On default-branch pushes, the Lingo.dev check run shows Approve and Deny actions. On pull requests, the app posts a translation proposal comment; reply with:
/lingo approveScoped /lingo translate commands do not require this approval gate.
Manual PR command#
Use /lingo in a pull request comment to backfill or force translations for specific files.
/lingo translate docs/en/**/*.md/lingo translate docs/en/**/*.mdx --locales fr,es/lingo translate docs/en/**/*.md --forceCommand reference:
| Command | Description |
|---|---|
/lingo | Shows help. |
/lingo help | Shows help. |
/lingo translate <glob>... | Translates missing target files for matching source files. |
/lingo translate <glob>... --locales fr,es | Limits the run to configured target locales. Locale values are lowercased by the command parser. |
/lingo translate <glob>... --force | Translates every matching source and locale in scope, overwriting existing targets. |
/lingo approve | Approves a pending translation proposal on the PR. |
The command must be on its own line. Globs are matched against files that also match your configured files source patterns. Like config patterns, command globs cannot start with / and cannot contain ...

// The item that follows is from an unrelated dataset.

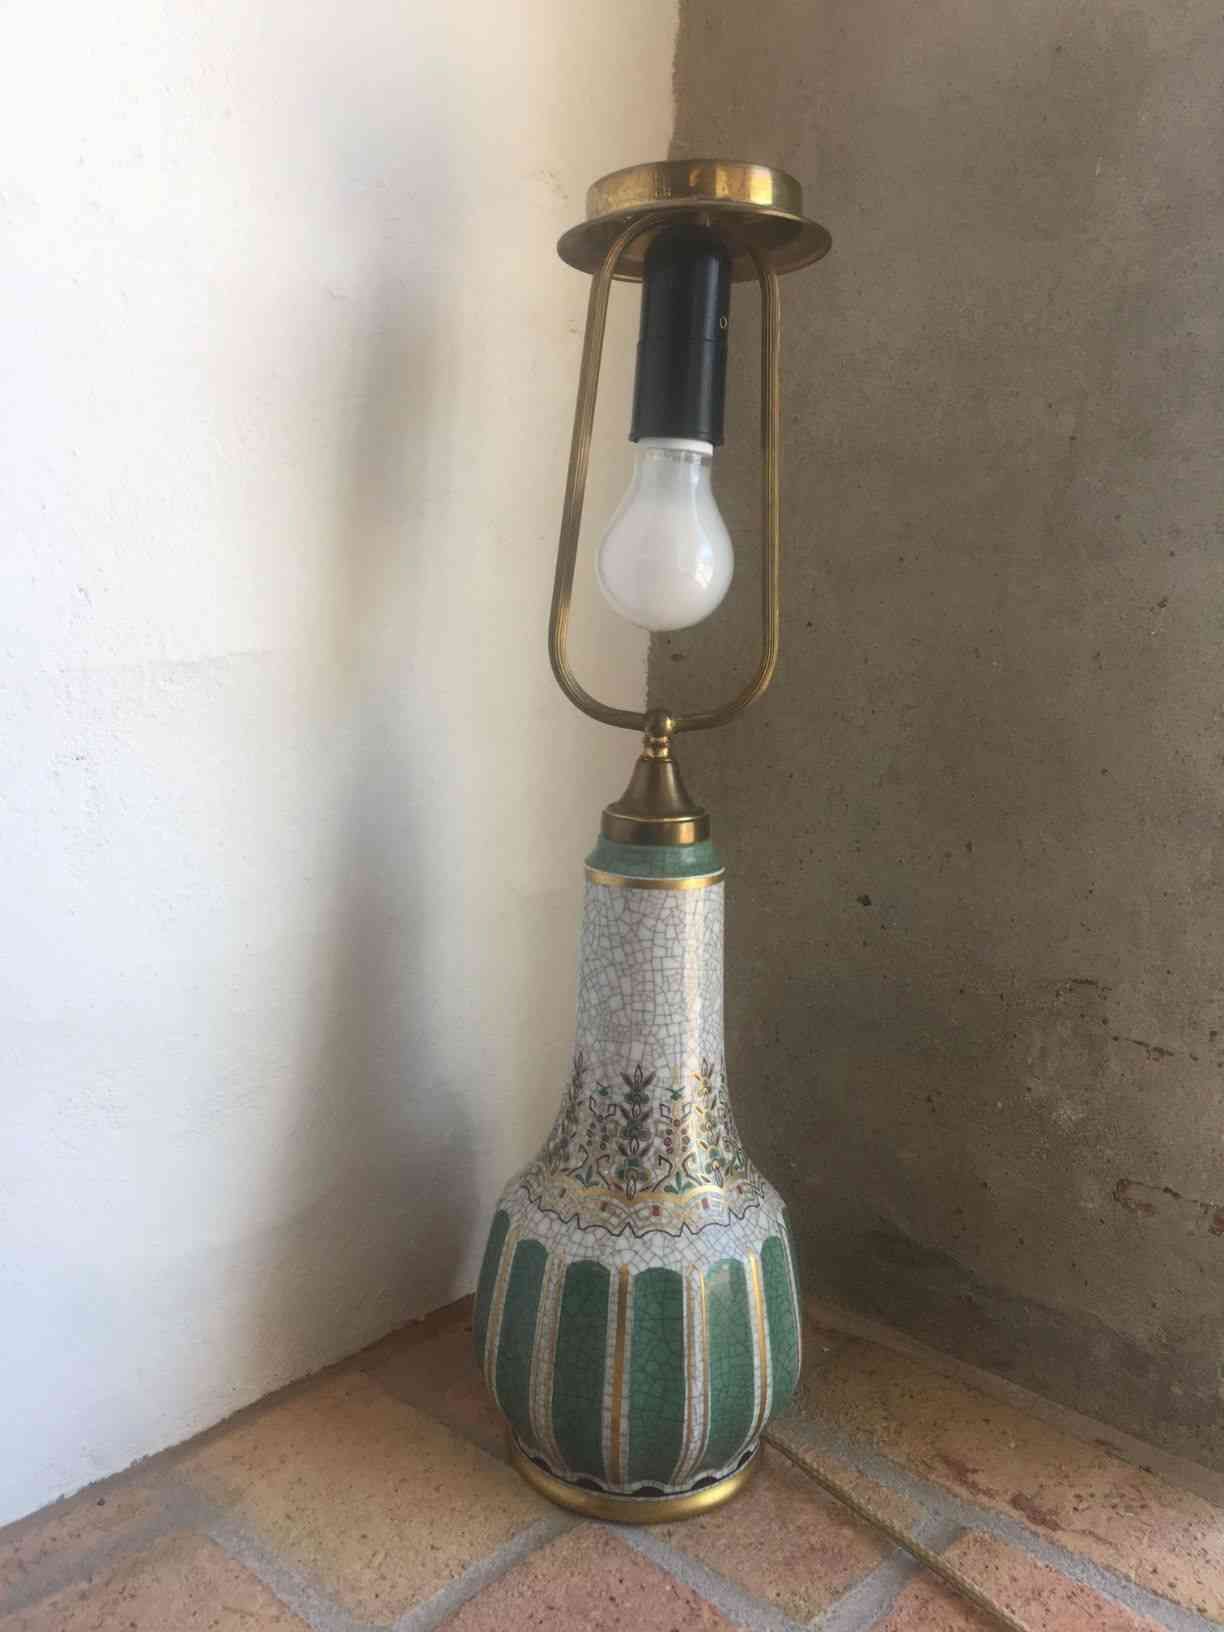 Dahl-Jensen bordlampe i krakelé med grønt og guld, 58 cm høj i perfekt stand. Pris: 925,- Kr.

By default, /lingo translate runs in backfill mode: it only creates target files that are missing on the PR branch. Add --force when you want to regenerate existing target files.
Supported formats#
The GitHub App currently supports:
- JSON (
.json) - JSONC (
.jsonc) - Markdown (
.md) - MDX (
.mdx)
More formats are coming soon.
Large updates#
The app may split translation output across multiple commits. This happens when a run would write more than 100 files in one commit or more than 5 MB of translated file content in one commit.
When that happens, commit messages include the batch number, such as:
feat: Lingo.dev translations (1/3)
feat: Lingo.dev translations (2/3)
feat: Lingo.dev translations (3/3)What happens when nothing matches#
If .lingo/config.json is missing, the app skips the repository silently. Once the config exists, invalid config creates a failing check run and, on PRs, a comment with the validation error.
If no changed files match your source patterns, the app completes without writing translations. For /lingo translate, the bot replies with a short explanation, such as no matching files, no matching locales, or all target files already existing.